SOCIAL THREAD’s competitive advantage is the application of systems thinking to the principals: place-based investing; network-based investing; and total economic return assessment. The ethical standards we apply to our client’s portfolios enhance risk management by considering less well recognized factors such as external rates of return. We have formed great strategic partnerships to assist in our technology and research. Our “best of” platform has complete transparency and the leadership to maintain and lead this company in the ever-changing wealth management industry.
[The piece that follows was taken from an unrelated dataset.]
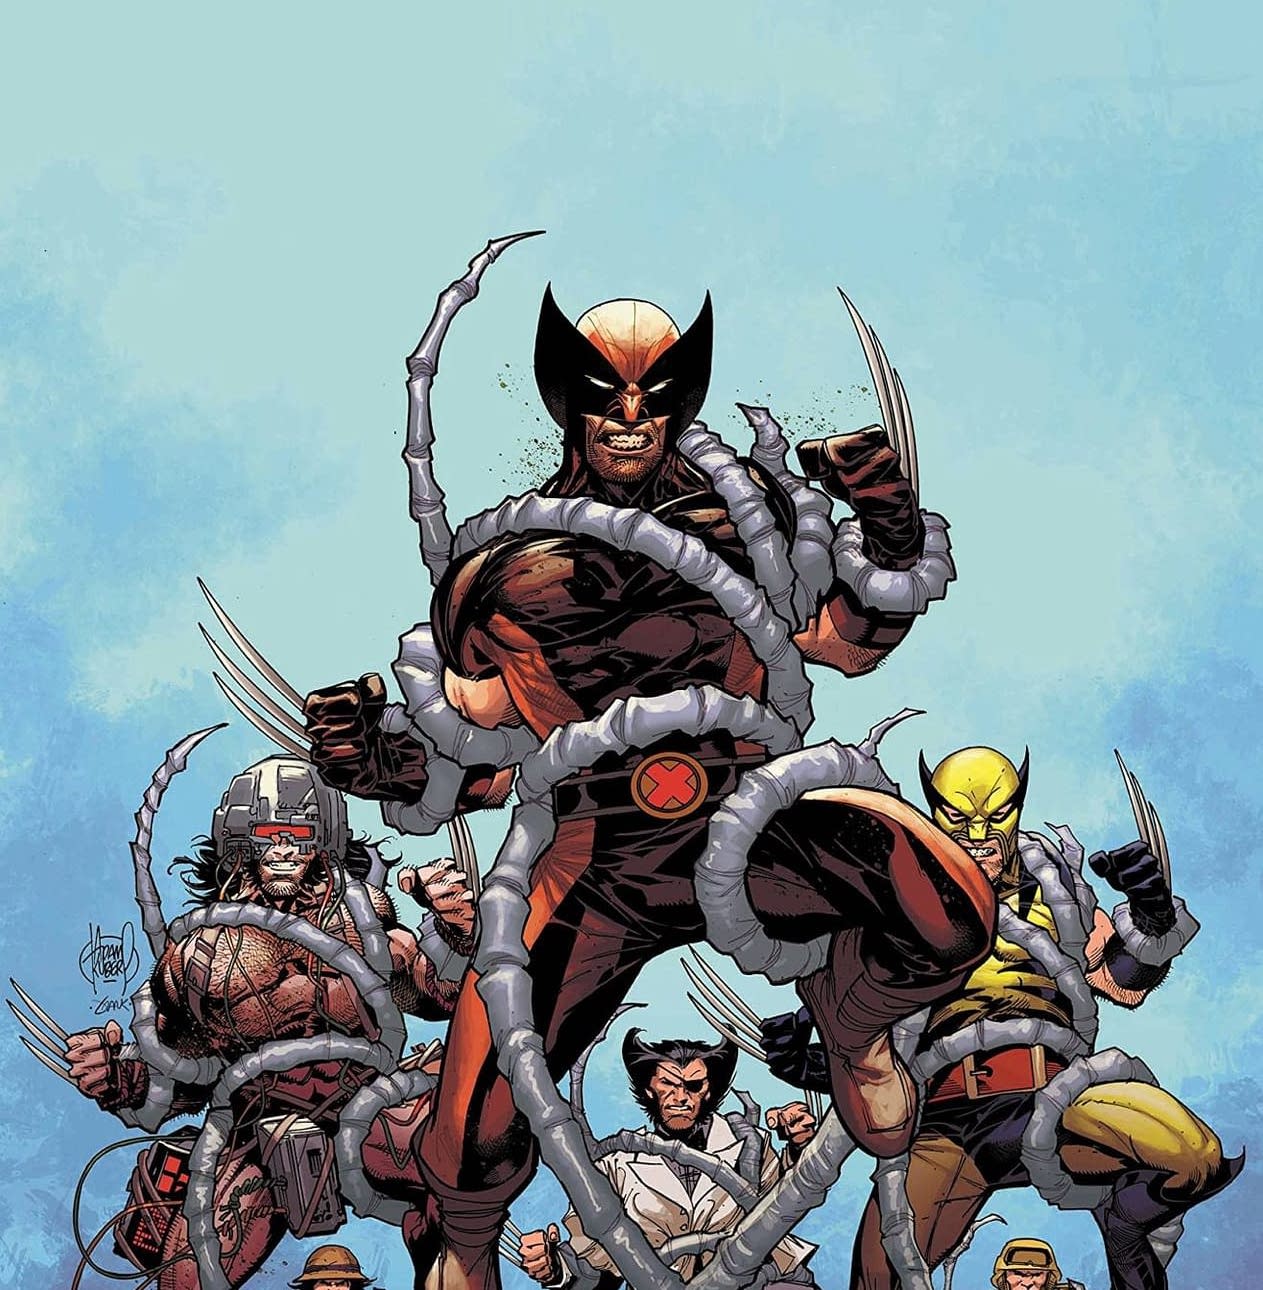 'X Lives & Deaths of Wolverine' is one of the best events of 2022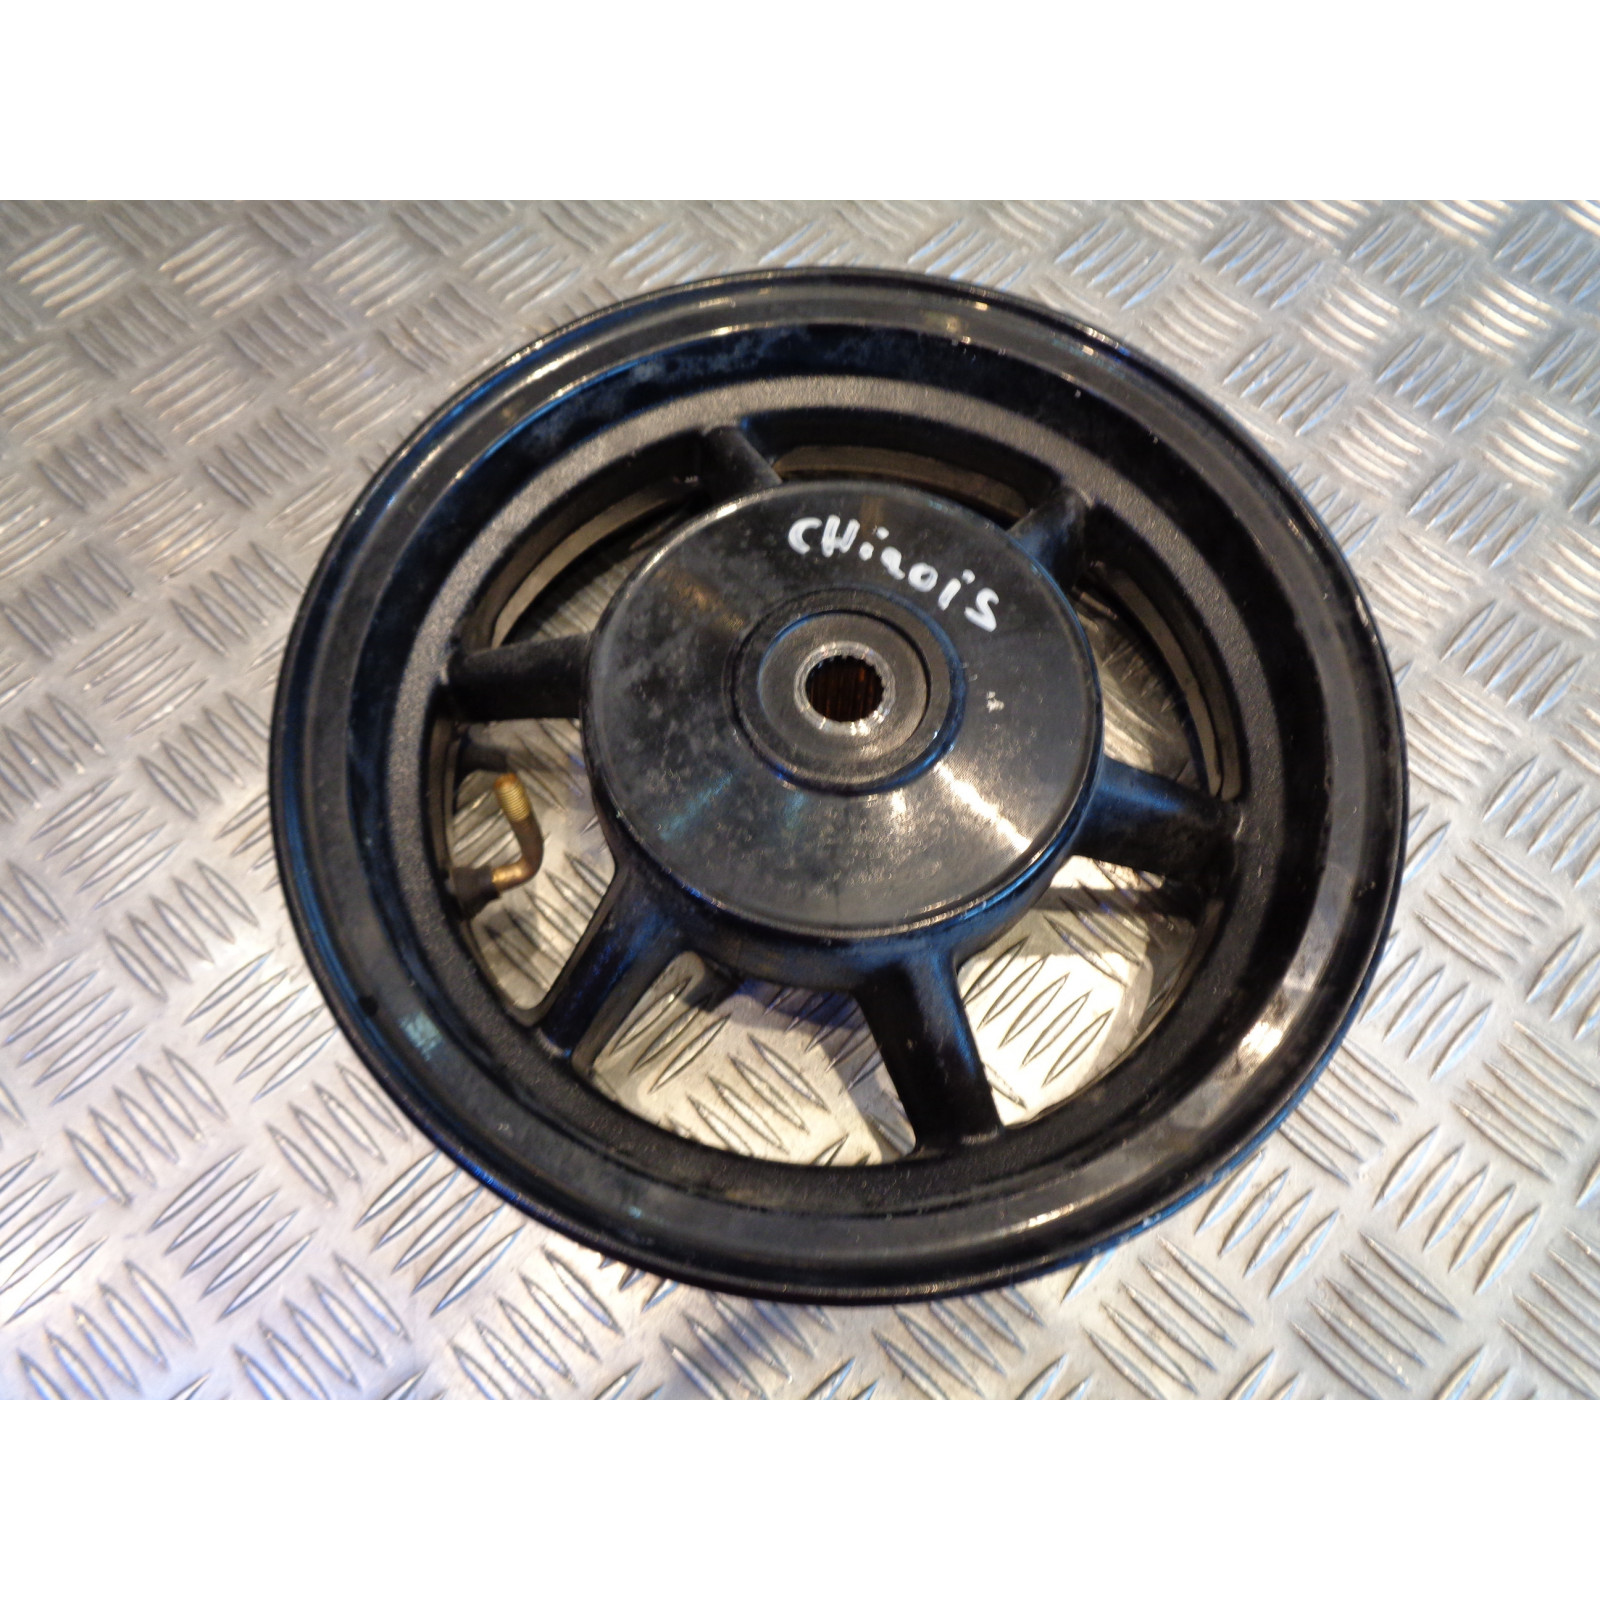 Roue jante arriere scooter 2.50x10 scooter longjia luxxon chinois

We are committed to providing personalized advice to you. Our strategies can be adjusted for any investment objective from capital preservation to aggressive growth. That said, we are seeking a specific type of client.

Special Client Objectives

Our target client desires to generate a “living return”: to maximize total economic returns to the client and to “do no harm” to the client’s network, including material and non-material economic, social and environmental benefits, within prudent levels of risk and to meet the following stated investment objectives:

  1. To generate income while preserving the absolute value of the portfolio[1].
  2. To grow capital in a manner consistent with the first objective.
  3. To learn new or better investment strategies.
  4. To have a positive impact on the world through mission based or socially responsible investment strategies including:

Core SRI Strategies

Screening

  • Positive screening favors (increases investment in) “good guys”
  • Negative screening filters out (disinvests of) “bad guys”
  • Good and Bad are defined by the investor’s ethics

Advocacy

  • Exercising your rights as a voting shareholder to influence corporate behavior
  • May result in holding “bad guys” since voting is dependent on ownership

Community

  • Seeks to allocate capital to “causes”
  • Typically below market rates of return
  • Considers place and justice issues
  • Seen as a compliment to giving

Research & Development -Financial Permaculture/Economic Alternatives Strategies

Please note: these R&D items are not generally available to clients at this time. We are working on a plan to prototype this with Accredited Investors once we work through the legal requirements. A custom “place-based” portfolio of listed stocks and bonds could be built upon request.

Place-based investment

Taking the “Stocks of Local Interest” concept; we ask what costs and benefits arise as a result of investing in one’s own community. Would an investment in a local firm yield returns beyond those on the firm’s statement? Do investors have a role to play in keeping jobs from being outsourced or relocated? Considering geography such as neighborhoods, communities, cities, and regions as closed systems for accounting; we ask what the value to an investor is of: a living wage job; better schools, lower crime, or lower welfare costs one’s my own community. Can a portfolio of such securities be constructed consisting of municipal bonds, equities, and potentially even private placements?

Network-based investment

Taking the “Mutual Aid Society” concept; we ask how we can align ourselves with likeminded citizens and investors to our mutual benefit. Can the law of large numbers or the concept of tipping points be used to our advantage to obtain: group rates or economies of scale on insurance for life, health, disability, or retirement benefits. What charitable or educational resources could be endowed by a voluntary association of investors? Would it be legal or wise to organize boycotts by investors? Can a syndicate be used to capitalize alternative firms (see Corporate Hybrids below) and make them viable?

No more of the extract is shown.